President Obama has attempted to move national policy
significantly to the left with his “tax the rich,” high regulatory
and Washington, DC-directed policies. Mrs. Clinton’s political
history is really not much different. As first lady early in her
husband’s presidency, she was credited with an even more
extreme reform of healthcare than Obamacare. She was a very
liberal senator from New York. Her record as secretary of
state includes Honduras, Argentina, the Middle East and
Benghazi. (Mrs. Clinton might well be nominated, and she could
be elected, but history indicates that those who consider her
being the first woman president to be her “sure” ticket to the
White House, might be underestimating the impact on voters of
her ties to the outgoing administration.)
On the other hand, none of her major Republican rivals stand
yet for some major new direction of policy other than a
general impression of a more conservative approach,
i.e., lower taxes, fewer regulations, less federal spending,
less federal mandates of policies from Washington, DC, and a
return to better relationships with Israel, Great Britain,
Canada and the nations of South America.
It is true that Ted Cruz, Rand Paul, and Marco Rubio do
represent more abrupt rightward direction if any of them
were elected president, but for that very reason, they are
probably unelectable if nominated, and thus very unlikely to
be nominated. Although outspoken “hard” right conservatives
always complain about the Republican Party nominating more
center right candidates, they are the ONLY candidates who can
win presidential elections. Since World War II, the GOP has
won with Eisenhower, Nixon (in his second race, running as a
moderate), Reagan, and two Bushes. Nixon in his
first race against Kennedy and Goldwater against Johnson had
too conservative images.
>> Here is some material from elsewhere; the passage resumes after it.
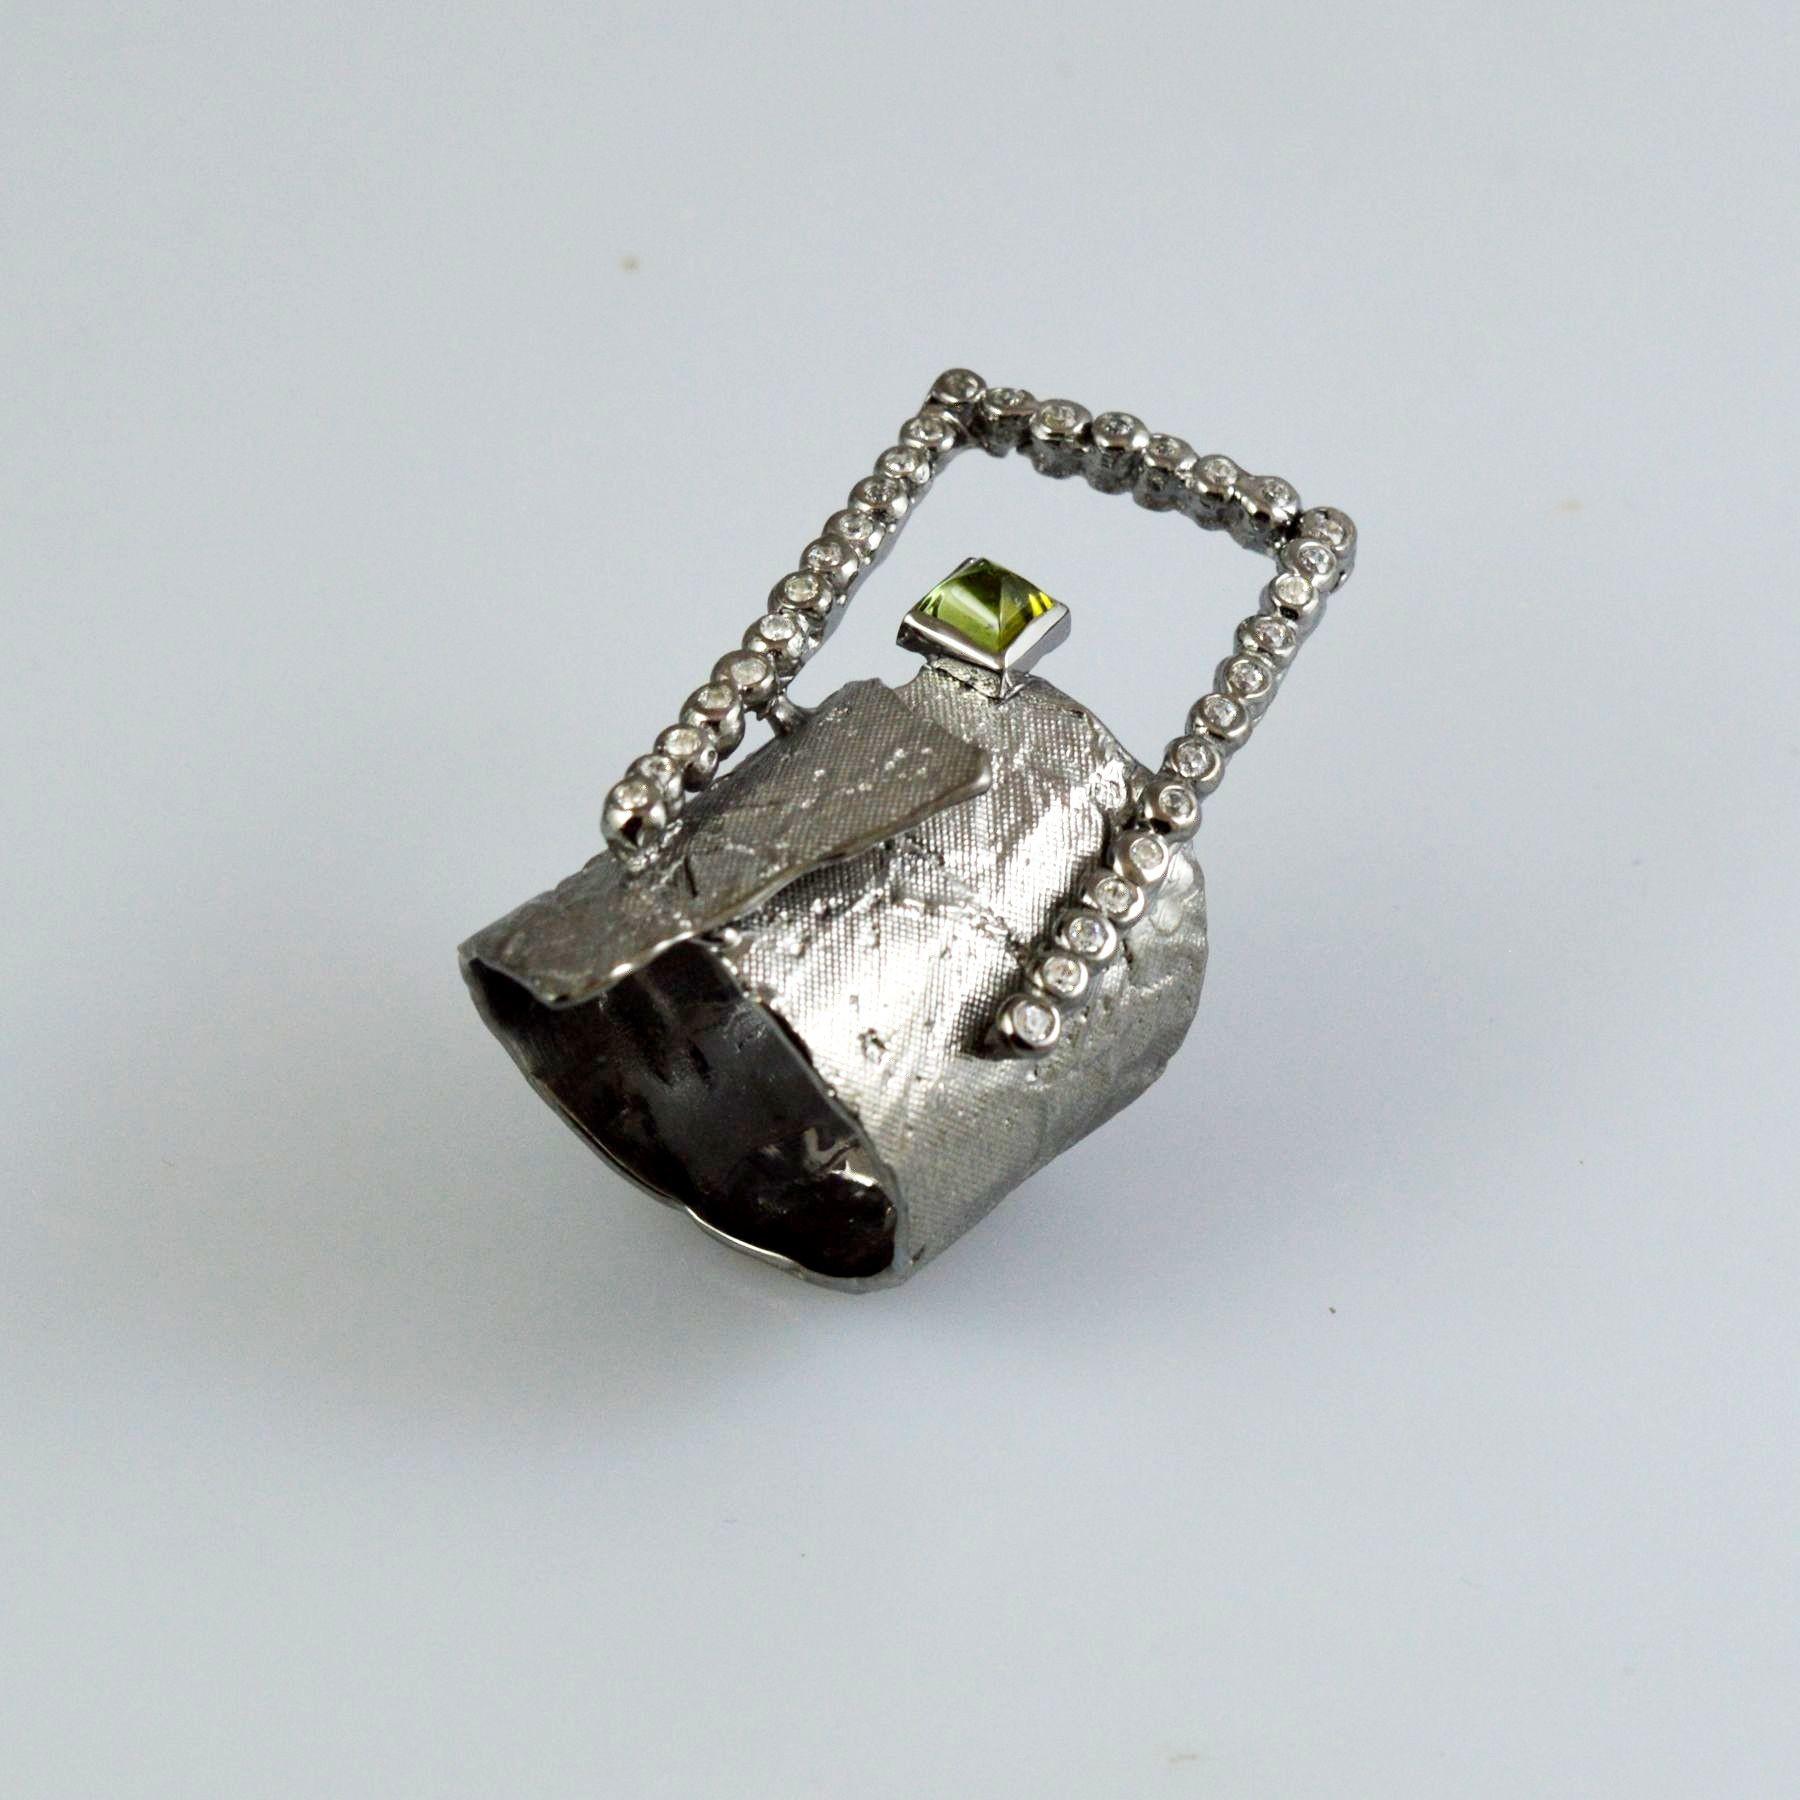 Δαχτυλίδι χειροποίητο από ασήμι 925 με μαύρη επιροδίωση και κυβικά ζιρκόνια και τουρμαλίνη
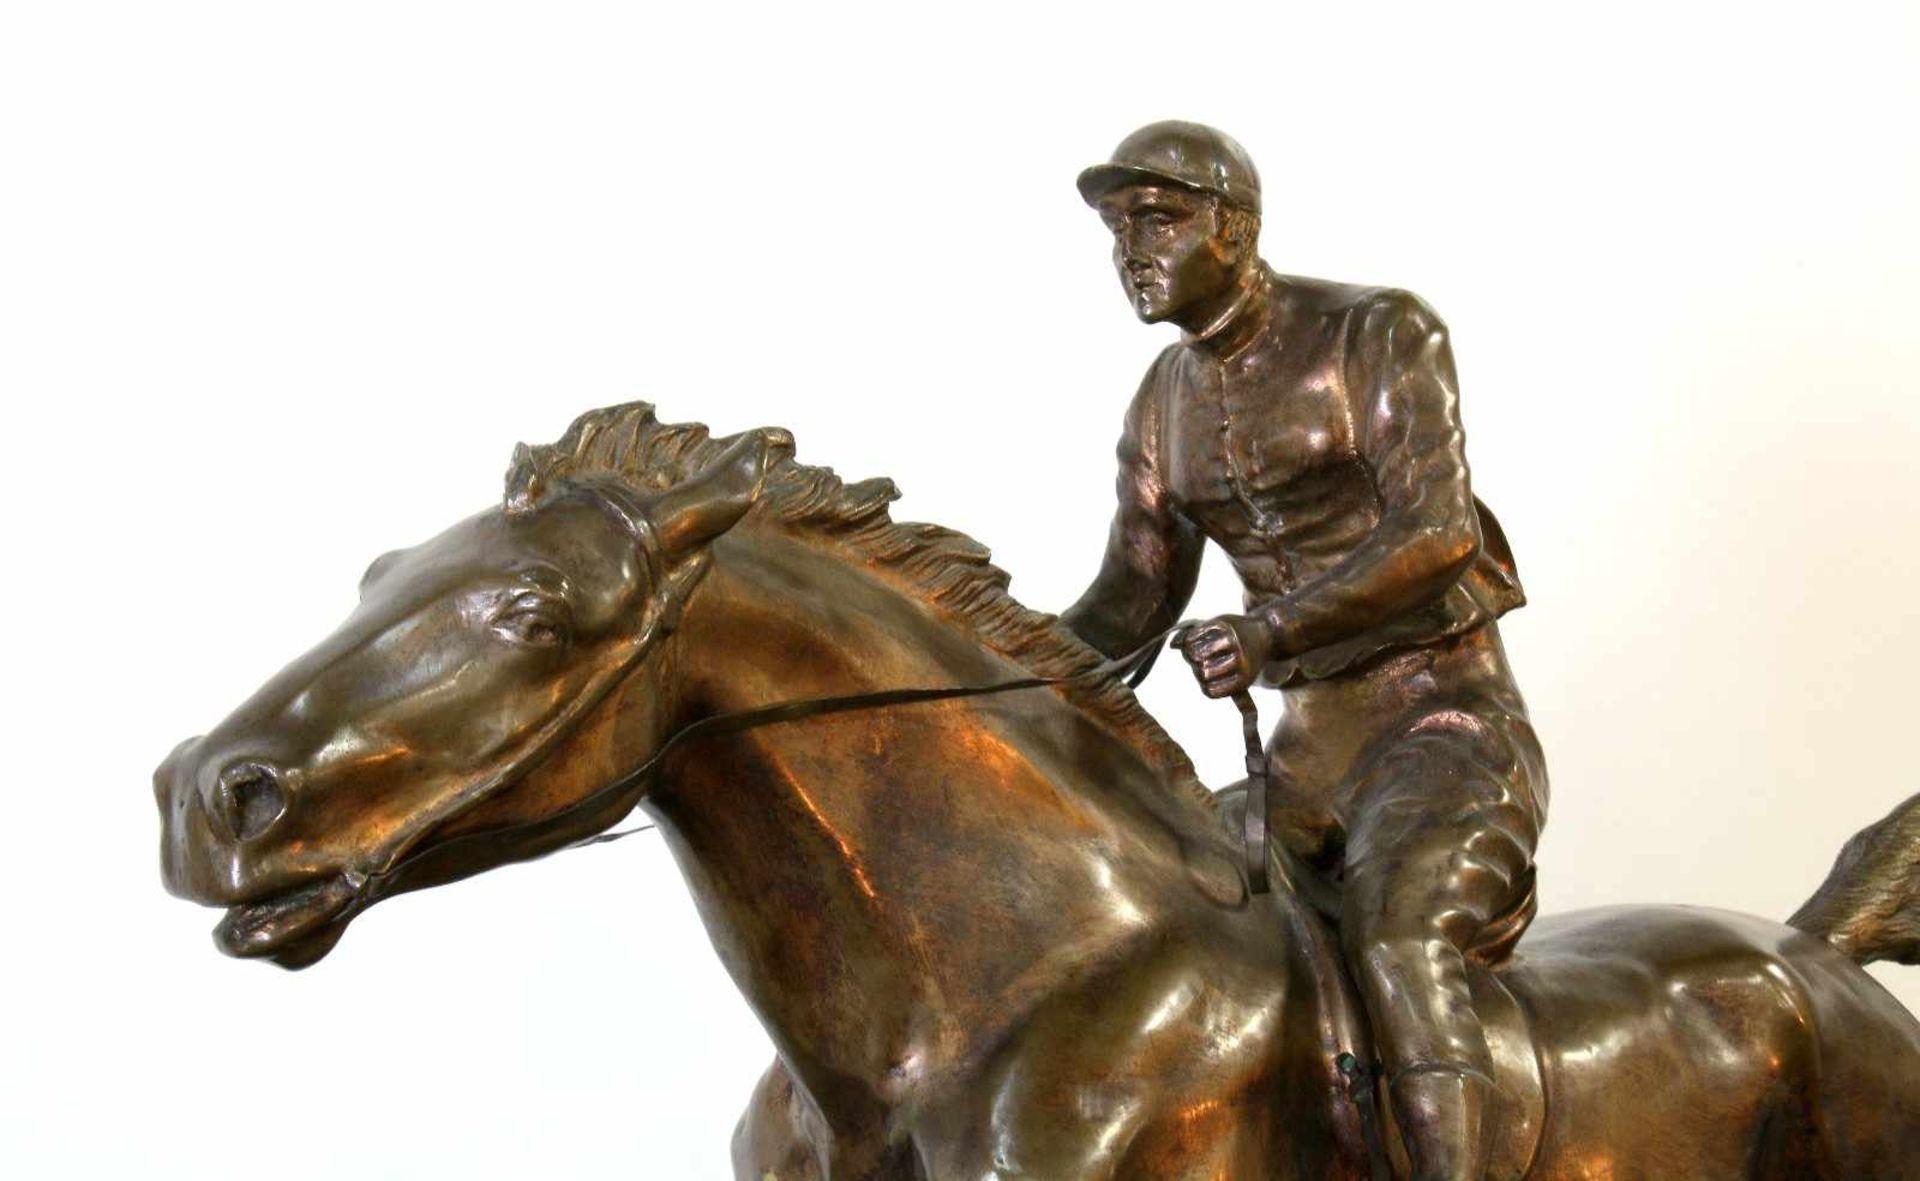 """Bronzeskulptur """"Jockey im Hürdenrennen"""" nach Isidor Jules Bonheur (1827-1901) Die Skulptur aus - Bild 3 aus 5"""

Ford, Dole, McCain and Romney were
more center right, but ultimately weak as presidential candidates.
If the economy remains troubled in 2016, and U.S. security and
prestige in the world seems diminished, the Democratic
presidential nominee will be on the defensive. Mr. Obama’s
successful model in such circumstances in 2012 was to first
injure the image of his Republican opponent, and second, to
identify and motivate his voter base at the polls while hoping
the GOP did not do as well. It worked. Will it work for Mrs.
Clinton or any other Democratic nominee in 2016?
If Chis Christie, Paul Ryan, Jeb Bush or some new GOP figure is
to win in 2016, we will know a lot more about what they are
against than what they would do as president. That might not
seem “right” or “fair,” but that’s how it usually goes, as I have
pointed out, in U.S. national politics (and it applies, as I have also
pointed out, equally to Democrats and Republicans).
If Ronald Reagan, Bill Clinton, George W. Bush or Barack Obama
had run explicitly on the policies they in fact did pursue in the
White House, they very likely would not have been elected
president.
This is the great American presidential election paradox.